If notwithstanding all this, the Art and Inte­rest of these men can prevaile so farre, that they in­volve more men in their guilt, and draw that His Citty to sacrifice it's present Happines and future Hopes to their Pride, Fury, and Malice, His Ma­jesty shall onely give them this Warning, That whosoever shall henceforward, take up Armes [Page 11]without His Consent, contribute any Mony or Plate, upon what pretence of Authority soever, for maintenance of the Army under the Com­mand of the Earle of Essex, or any other Army in Rebellion against Him, or shall pay Tunnage and Poundage, till the same shall be setled by Act of Parliament; Every such Person must expect the severest punishment the Law can inflict; and in the meane time His Majesty shall seize upon any part of his Estate within His Power, for the relief & support of Him and His Army, rais'd & main­tain'd for the Defence of His Person, the Lawes, and this His Kingdome; And since he denyes to His Majesty the duty & benefit of his subjection, by giving assistance to Rebells, which by the knowne Lawes of the Land is high Treason, His Majesty shall likewise deny him the benefit of his Protection, and shall not only signifie to all His Forraigne Ministers, that such Person shall re­ceive no advantage by being His Subject, but shall by all other wayes and meanes proceed against him as a publike Enemy to His Majesty, and this Kingdome.

But His Majesty hopes and doubts not, but His good Subjects of London will call to mind the [Page 12]Acts of their Predecessors, their Duty, Affection, Loyalty and merit towards their Princes, the Re­nowne they have had with all posterity for, and the Blessings of Heaven which alwayes accom­panied those virtues, and will consider the perpe­tuall scorne and infamy, which unavoydably will follow them and their Children, if infinitely the meaner part in quality, and much the lesser part in number, shall be able to alter the Government so admirably established, destroy the Trade so excellently setled, and to waste the wealth so in­dustriously gotten, of that flourishing Citty; And then they will easily gather up the Courage and Resolution to joyne with His Majesty in Defence of that Religion, Law and Liberty, which hi­therto hath and only can make themselves, His Majesty, and His Kingdome happy.
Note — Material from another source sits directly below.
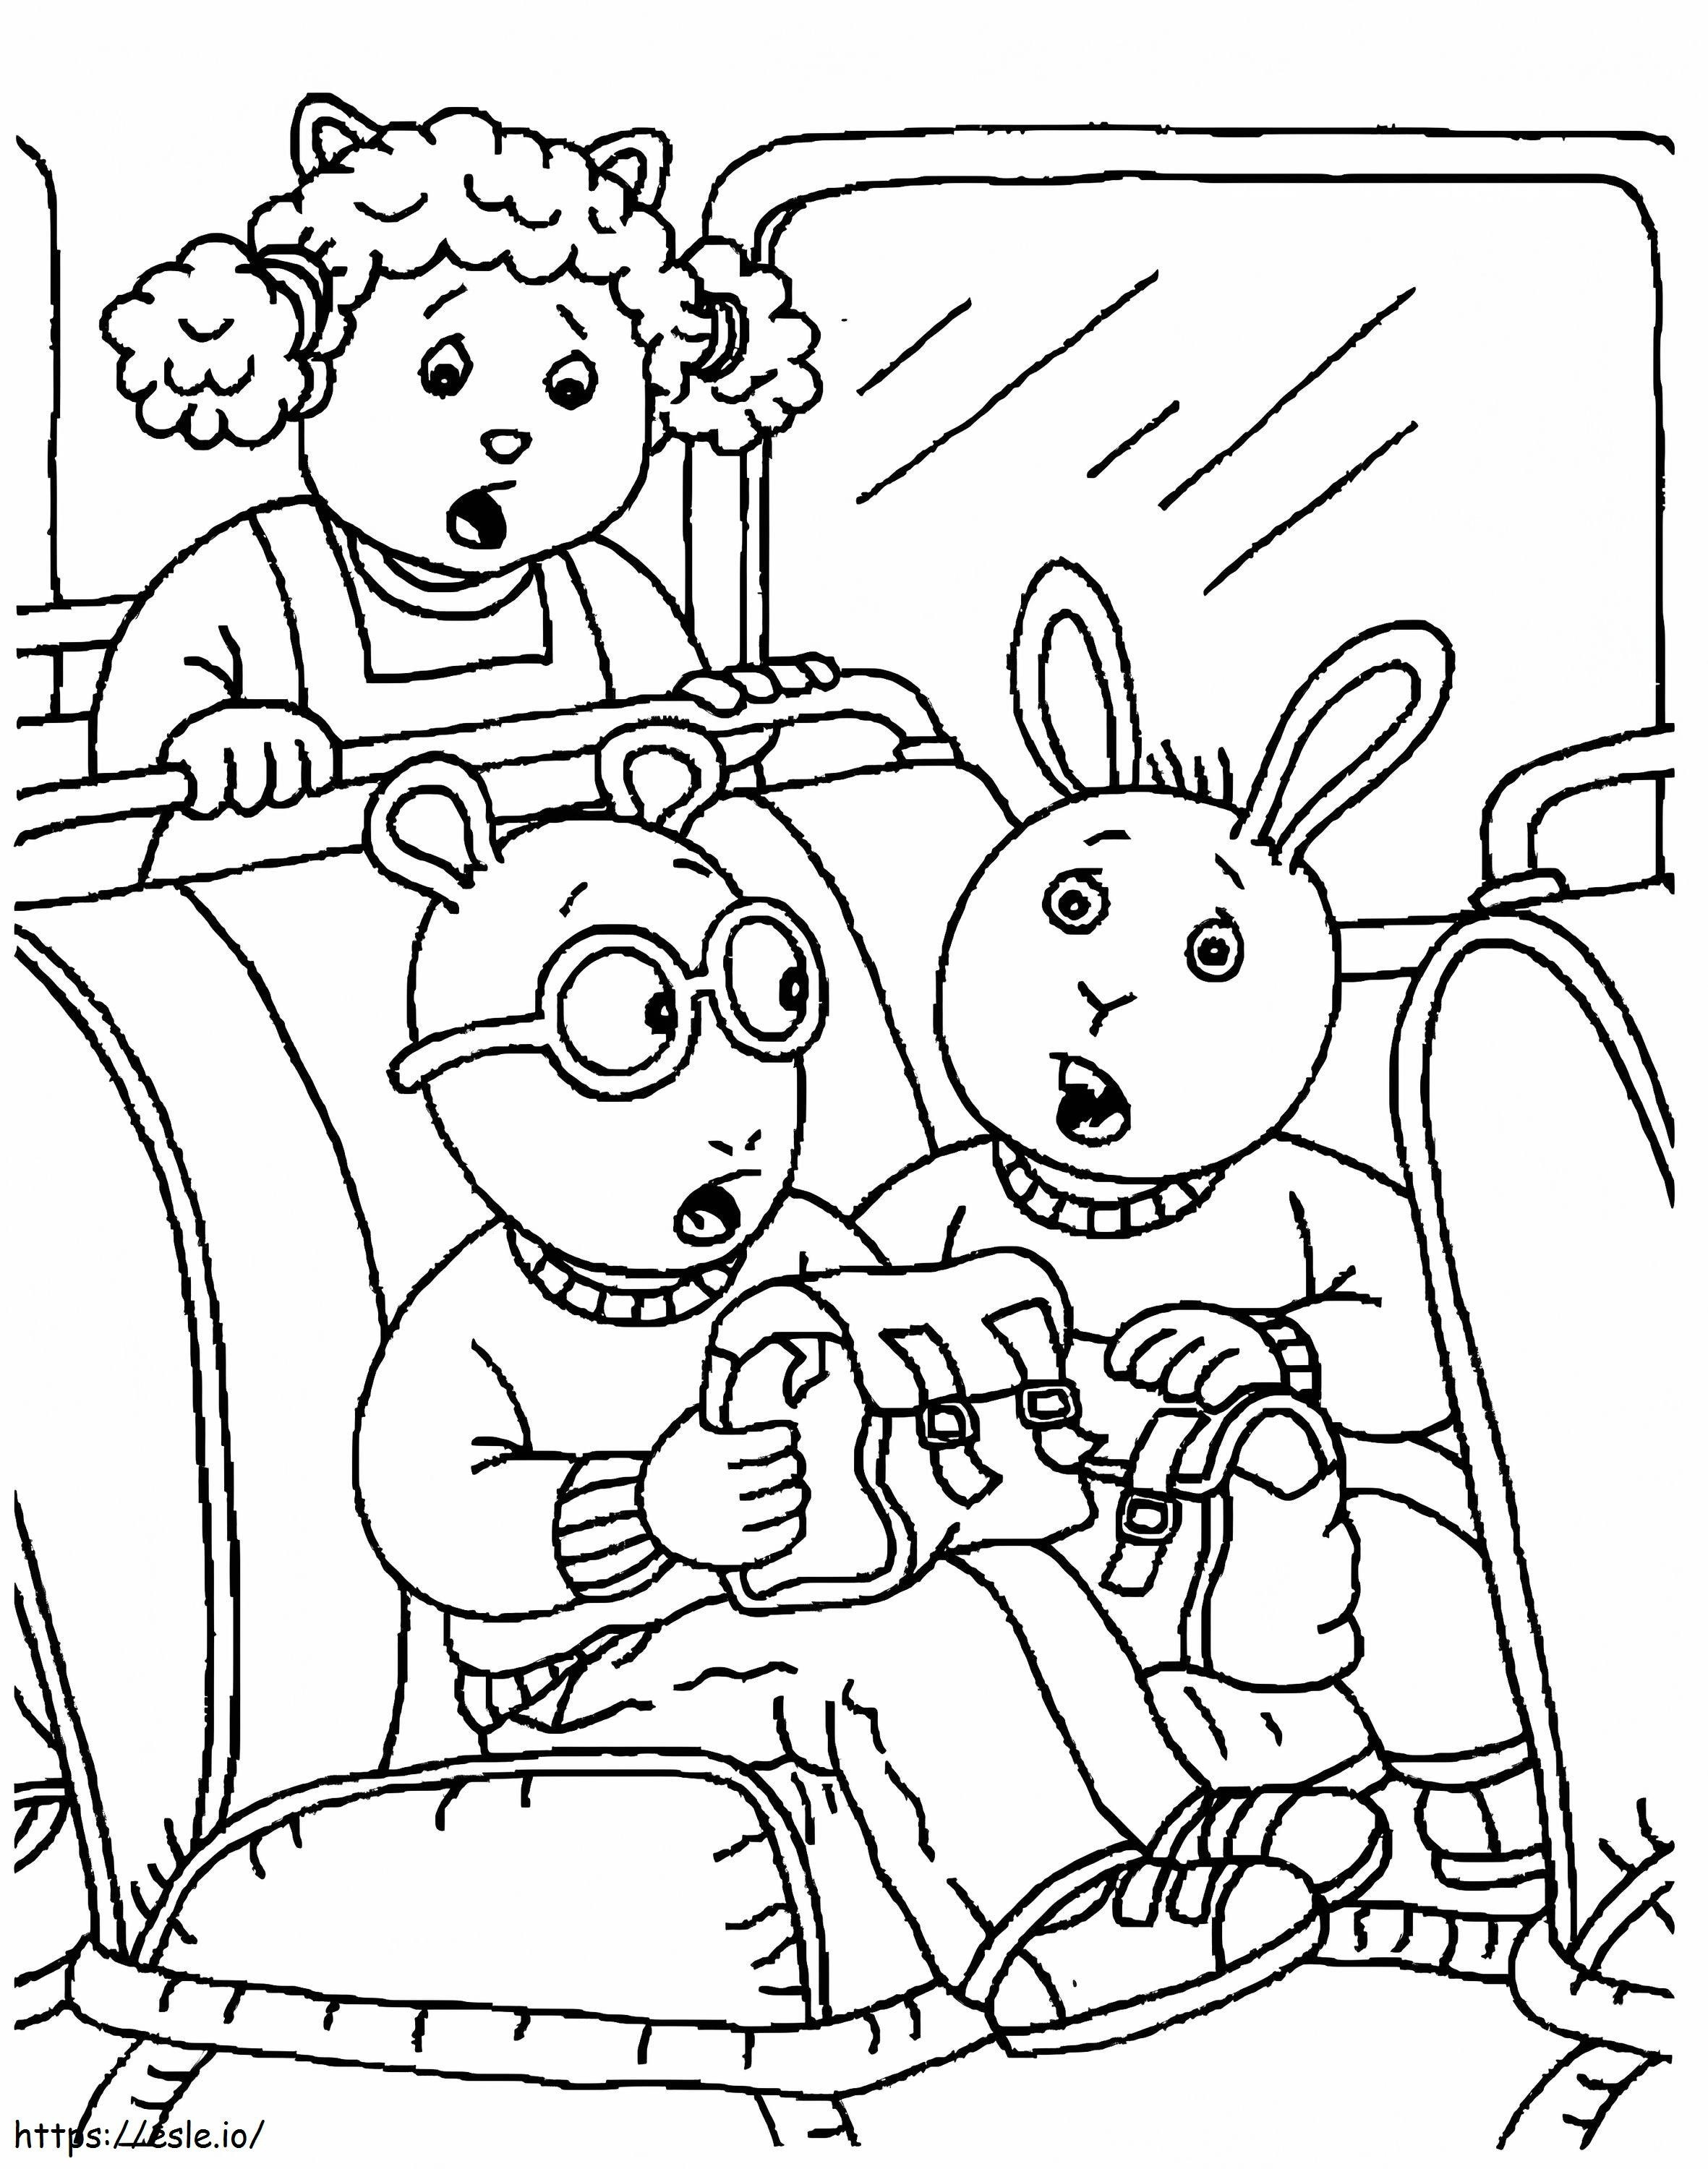 Arthur lee en el autobús para colorear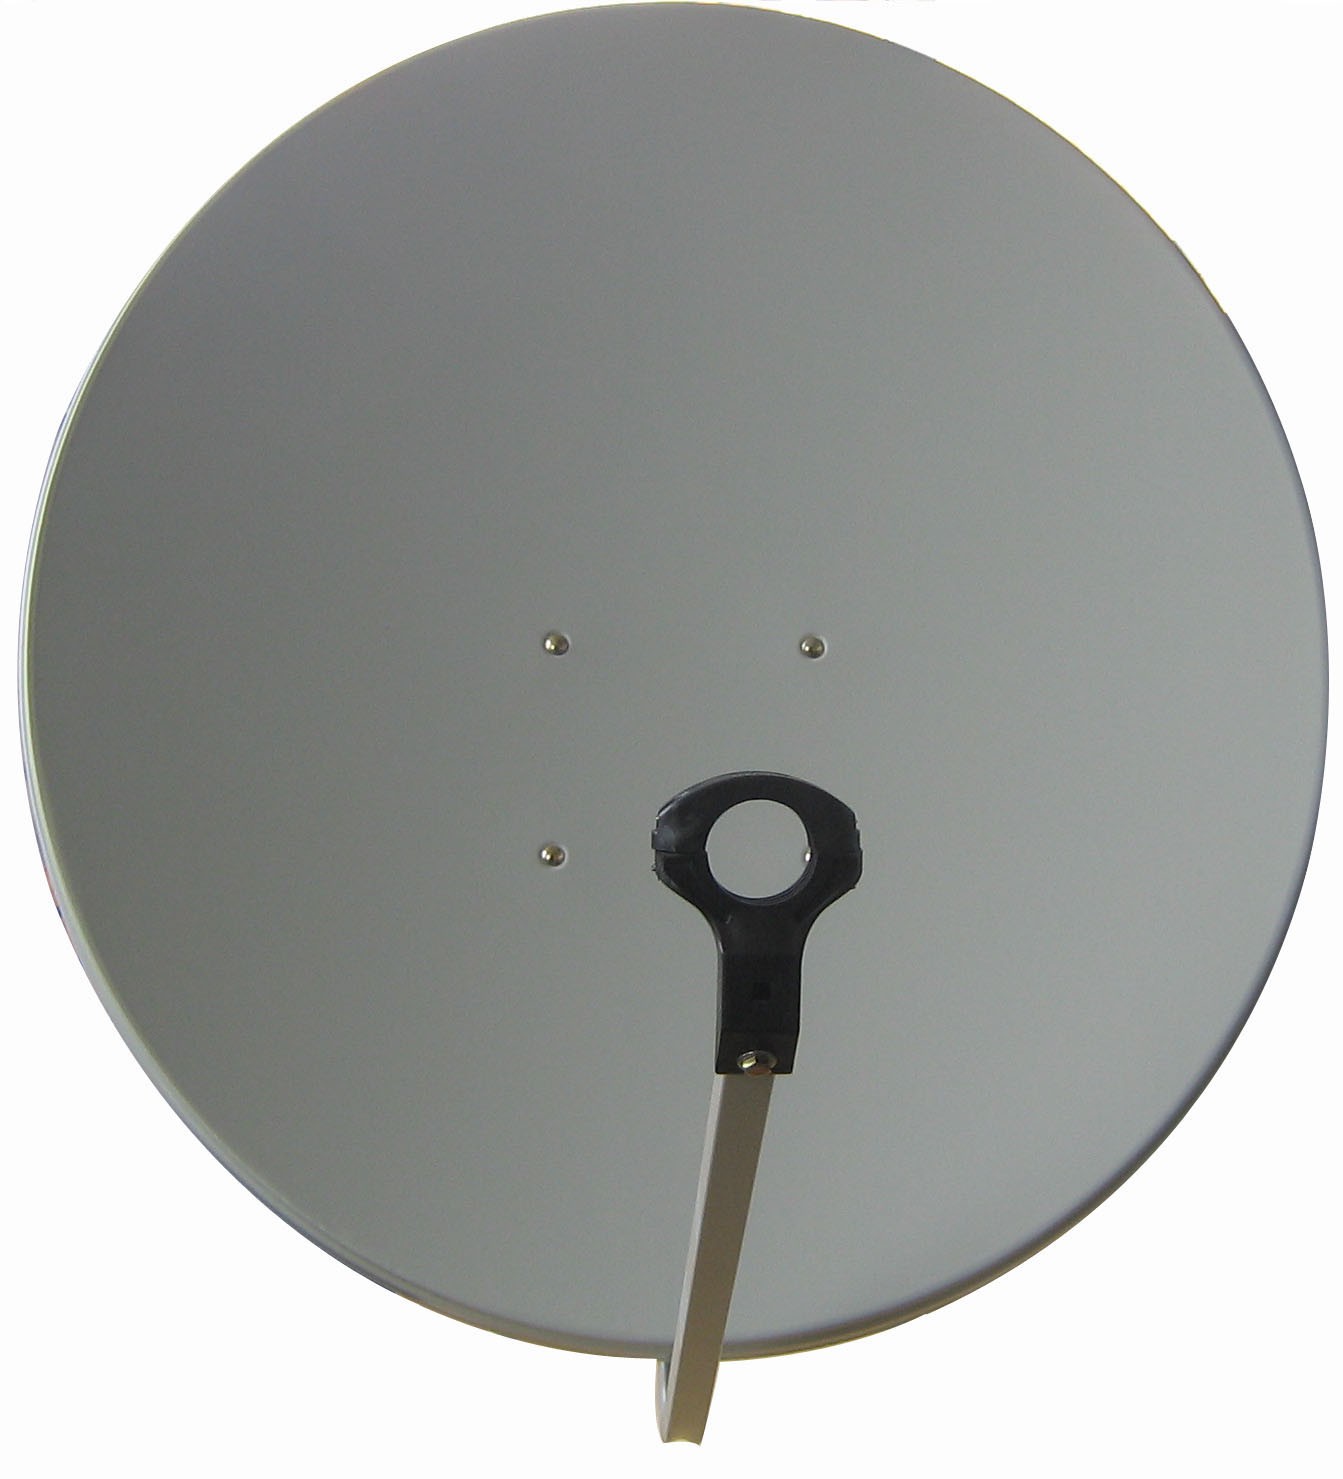 Antenne parabolique en bande Ku de 80 cm

For concurring with the Advice of His Two Houses of Parliament, which with Reference to the Common-wealth may be as well at this di­stance, as by being at White-hall, His Majesty doubts not but His good Subjects of London, well know how farre (beyond the example of any of His Predecessors) His Majesty hath concurred with their advice, in passing of such Lawes, by [Page 13]which He willingly parted with many of His knowne Rights, for the benefit of His Subjects, which the fundamentall Constitutions of this Kingdome did not oblige Him to consent unto, and hath used all possible meanes to beget a right understanding betweene them; And will there­fore apply themselves to those, who, by making Just, Peaceable and honourable Propositions to His Majesty, can only beget that Concur­rence.